## Task objective
Repeat the listing below in full and exactly, but without its pictures.

## Information provided

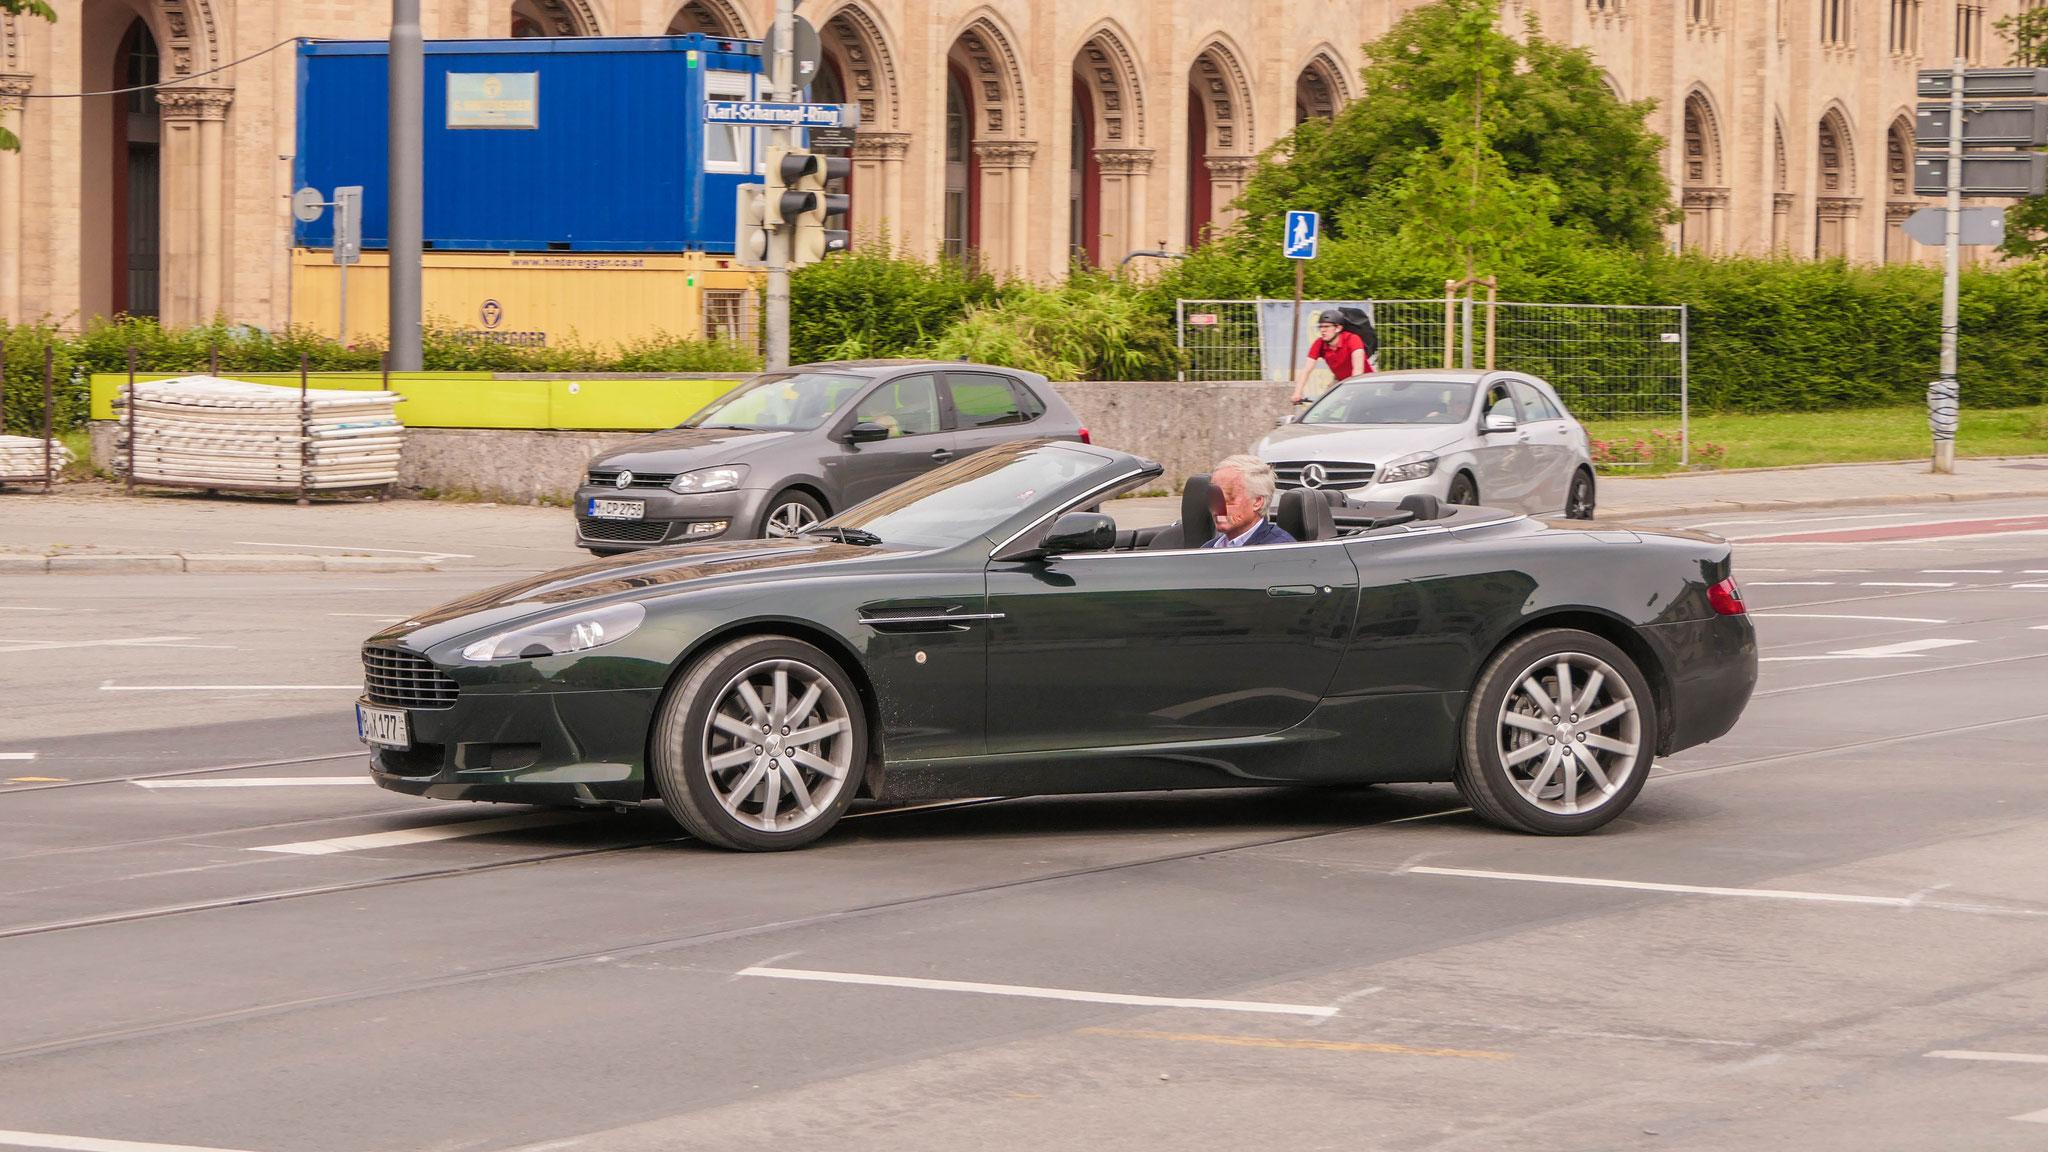 Aston Martin DB9 Volante - MB-X-177
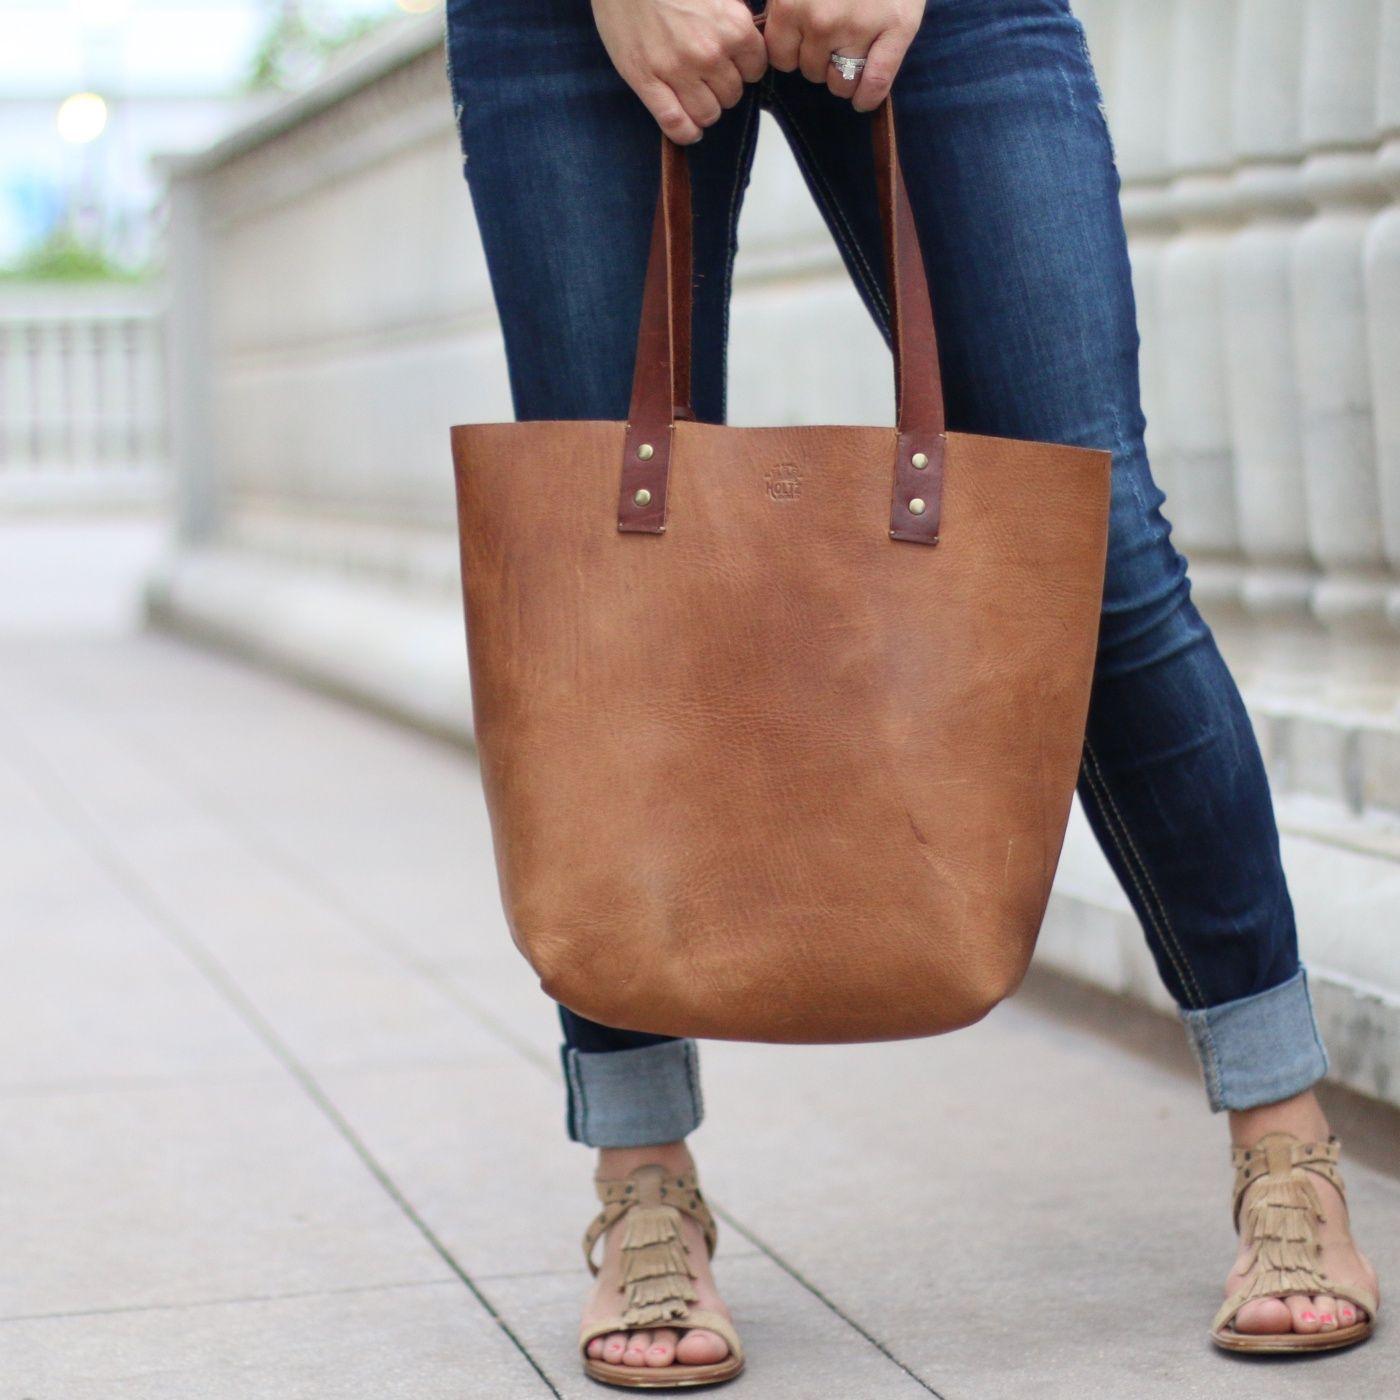 Tote Fine Leather Handbag Purse Bag
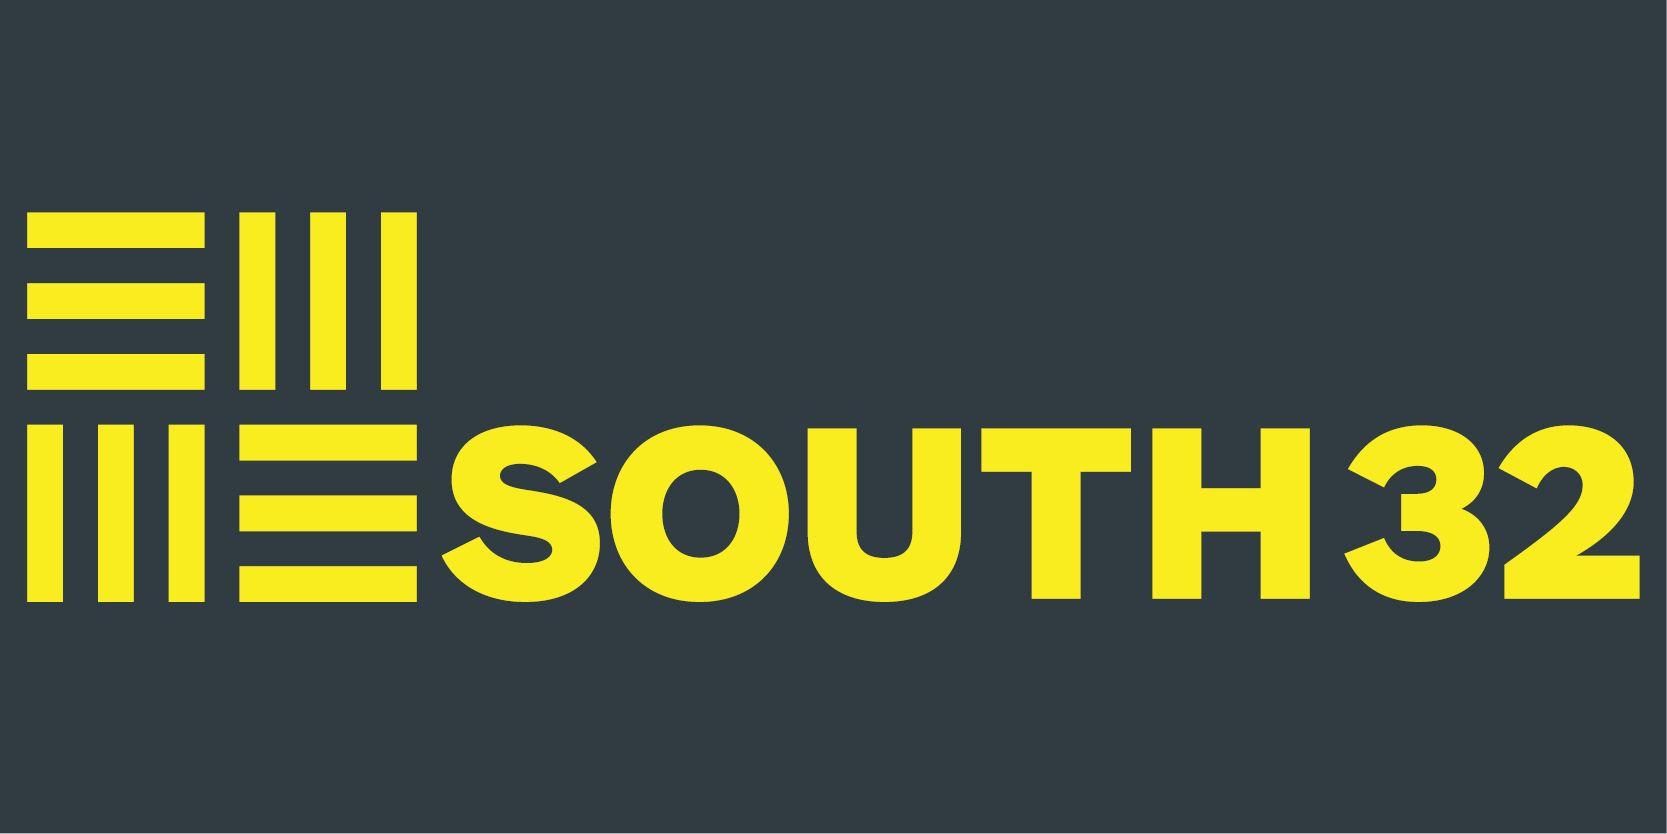 Gemco South 32 Logo
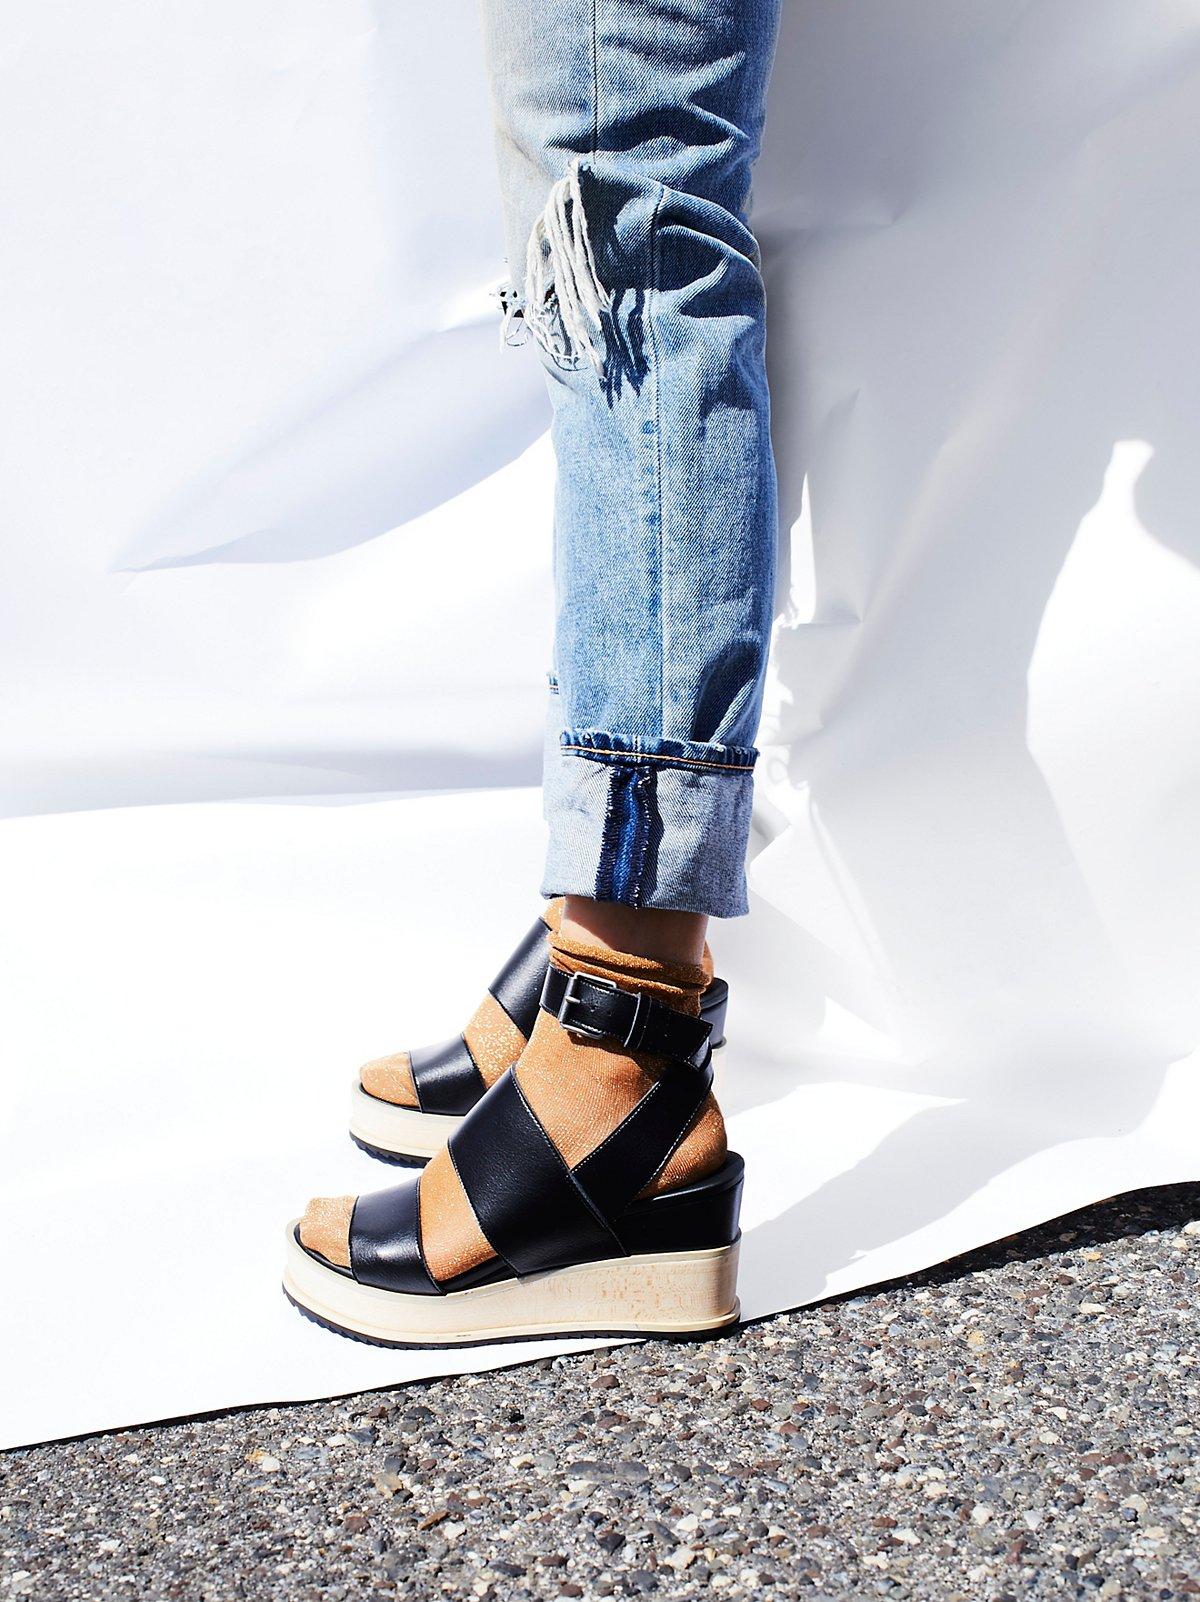 Dorian人造革坡跟鞋

## Result
 Aston Martin DB9 Volante - MB-X-177
 Tote Fine Leather Handbag Purse Bag
 Gemco South 32 Logo
 Dorian人造革坡跟鞋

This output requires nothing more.